A further problem arises in the interpretation of solutions. In bibliometric studies researchers are usually familiar ahead of time with the highly-cited authors or papers that appear in solutions. Repositories like Bugzilla offer more of a challenge in accounting for why two reports may be related, and whether or not the reason is interesting. To meet this challenge we are attempting to integrate cocitation maps with visualizations of the much larger number of records that form the context of the proximity relations that produced them. Our first attempts at contextualization involve using MDS solutions as the initial reference point configurations for VIBE projections [3].

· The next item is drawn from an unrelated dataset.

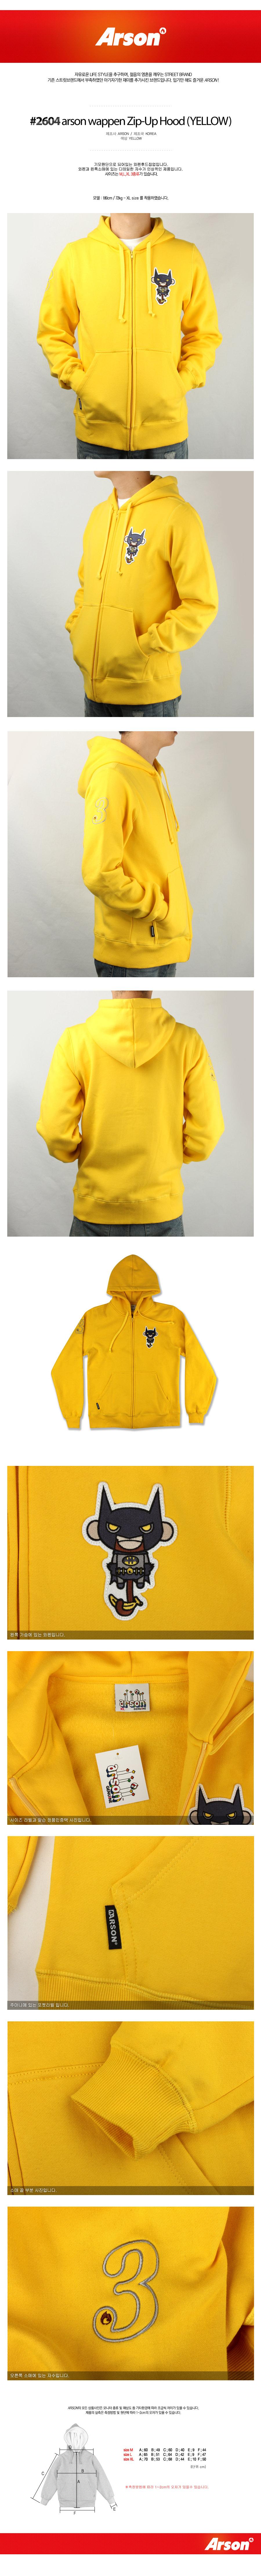 [ ARSON ] [ARSON] J2604 arson HOOD TEE zip up hoodie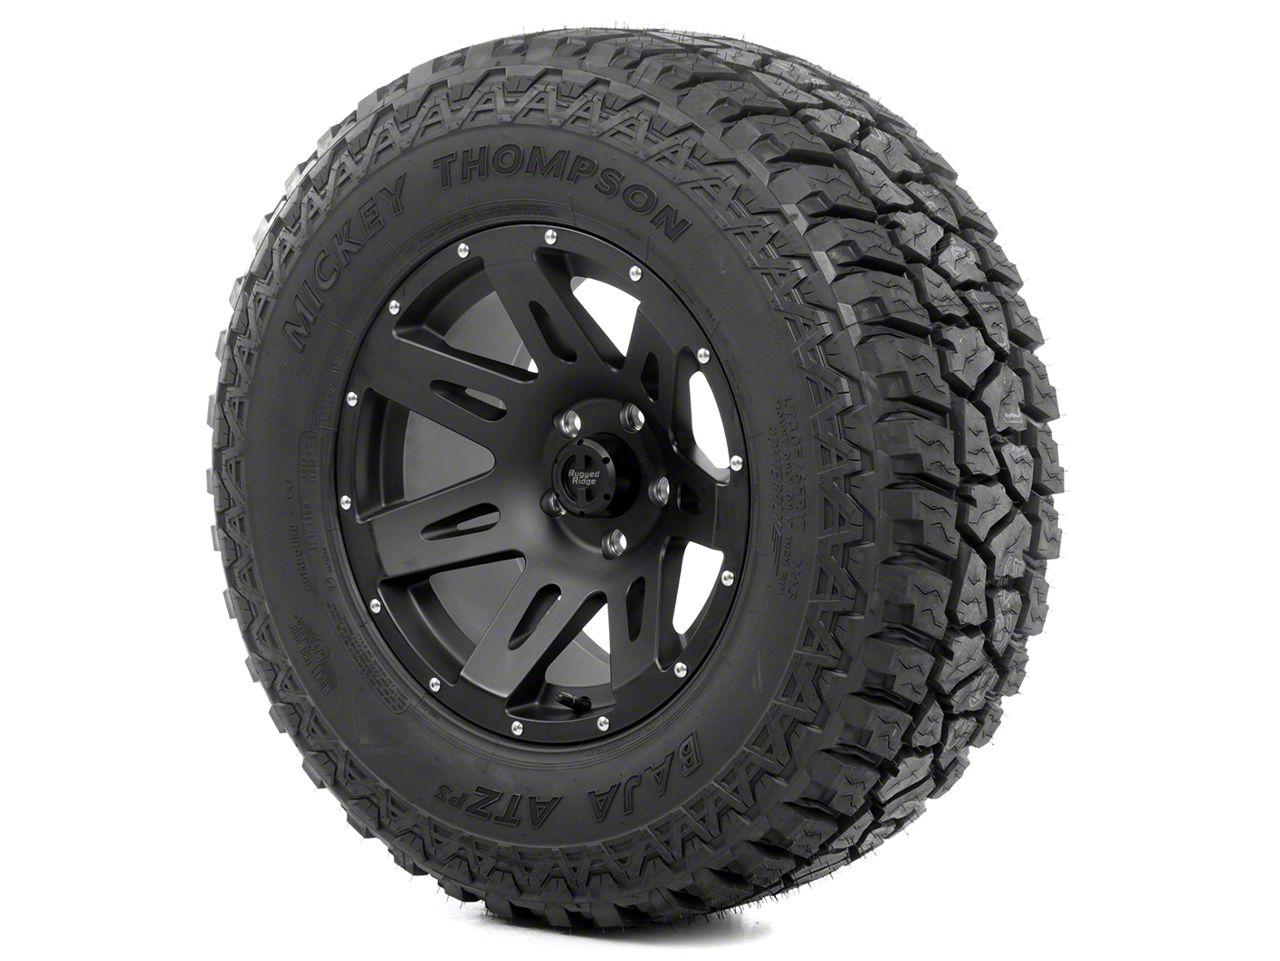 Rugged Ridge XHD Wheel 17x9 Black Satin and Mickey Thompson ATZ P3 305/65R17 Tire Kit (07-18 Jeep Wrangler JK)

This material is based upon work supported by the National Science Foundation under Grant No. 0205346. Any opinions, findings, and conclusions or recommendations expressed in this material are those of the author(s) and do not necessarily reflect the views of the National Science Foundation.

References

[1] The Mozilla project website. World Wide Web address: http://www.mozilla.org/.

[2] BORNER, K., CHEN, C., AND BOYACK, K. Visualizing knowledge domains. Annual Review of Information Science and Technology 37 (2003).

[3] OLSEN, K. A., KORFHAGE, R. R., SOCHATS, K. M., SPRING, M. B., AND WILLIAMS, J. G. Visualisation of a document collection: The VIBE system. Information Processing and Management 29, 1 (1993), 69-81.

[4] TORGERSON, W. S. Theory and Methods of Scaling. Wiley, New York, 1958.

[5] TROSSET, M. W. Numerical algorithms for multidimensional scaling. In Classification and Knowledge organization, R. Klar and O. Opitz, Eds., Studies in Classification, Data Analysis, and Knowledge Organization. Springer-Verlag, Berlin, 1997, pp. 80-92.

[6] WHITE, H. D., AND MCCAIN, K. W. Bibliometrics. Annual Review of Information Science and Technology 24 (1989), 119-186.

Willem J. Heiser, Leiden University

Title: Interpretation of Between-Set Distances In Correspondence Analysis

There has been some debate about the correct interpretation of distances between row elements and column elements in a joint display of a correspondence table. The conventional view is that we can scale this joint display in such a way that either the distances between rows can be interpreted, or the distances between columns, but never directly the distances between rows and columns (Heiser and Meulman, 1981; Greenacre and Hastie, 1987). Carroll, Green and Schaffer (1986) proposed an alternative scaling of the coordinates for which they claimed that both between-set and within-set squared distances could be interpreted, but Greenacre (1989) has shown that this claim is not warranted.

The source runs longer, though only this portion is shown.